August 17, 2022

Black Hole Star Destroyer: Scientists Fling Model Stars at a Virtual Black Hole to See Who Survives

This animation depicts a star experiencing spaghettification as its drawn in by a supermassive black hole throughout a tidal interruption event. Credit: ESO/M. Kornmesser
Enjoy as eight stars skirt a black hole 1 million times the mass of the Sun in these supercomputer simulations. As they approach, all are stretched and deformed by the black holes gravity.
Watch eight model stars stretch and warp as they approach a virtual black hole 1 million times the mass of the Sun. The black hole rips some stars apart into a stream of gas, a phenomenon called a tidal disruption event. These simulations reveal that damage and survival depend on the stars preliminary densities.
These simulations, led by Taeho Ryu, a fellow at the Max Planck Institute for Astrophysics in Garching, Germany, are the very first to combine the physical impacts of Einsteins basic theory of relativity with sensible excellent density models. The virtual stars vary from about one-tenth to 10 times the Suns mass.

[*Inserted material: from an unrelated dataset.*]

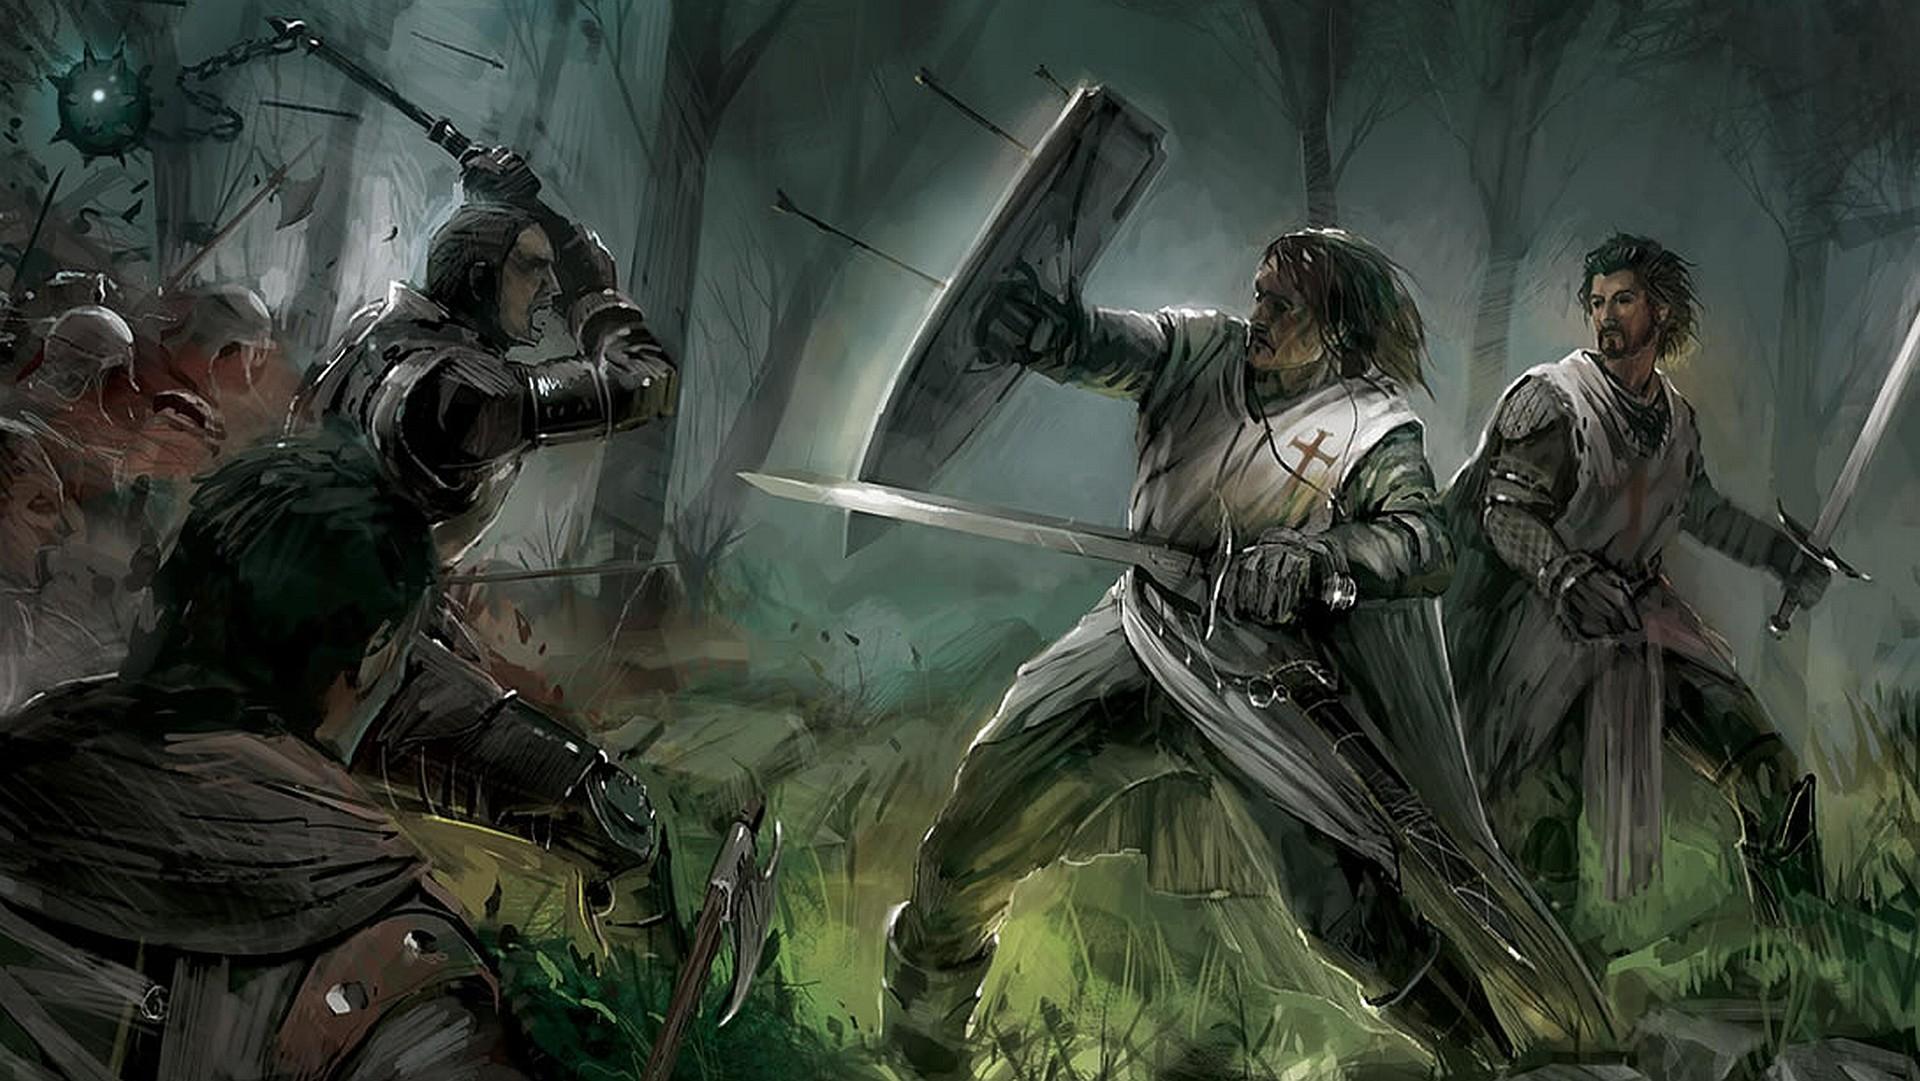 Templar wallpaper templar wallpaper backgrounds knights templar - Knights Wallpaper Wallpapersafari

The division between stars that completely interfere with and those that sustain isnt just associated to mass. Rather, survival depends more on the stars density.
From delegated right, this illustration shows 4 photos of a virtual Sun-like star as it approaches a black hole with 1 million times the Suns mass. The star stretches, looses some mass, and after that starts to regain its shape as it moves away from the black hole. Credit: NASAs Goddard Space Flight Center/Taeho Ryu (MPA).
Ryu and his team likewise examined how other attributes, such as various great void masses and excellent close techniques, affect tidal interruption events. The results will help astronomers approximate how typically full tidal interruptions happen in deep space and will help them in building more precise images of these calamitous cosmic incidents.
Reference: “Tidal Disruptions of Main-sequence Stars. I. Observable Quantities and Their Dependence on Stellar and Black Hole Mass” by Taeho Ryu, Julian Krolik, Tsvi Piran and Scott C. Noble, 25 November 2021, The Astrophysical Journal.DOI: 10.3847/ 1538-4357/ abb3cf.

View as eight stars skirt a black hole 1 million times the mass of the Sun in these supercomputer simulations. View 8 model stars stretch and deform as they approach a virtual black hole 1 million times the mass of the Sun. The black hole rips some stars apart into a stream of gas, a phenomenon called a tidal interruption event. From left to right, this illustration shows four pictures of a virtual Sun-like star as it approaches a black hole with 1 million times the Suns mass.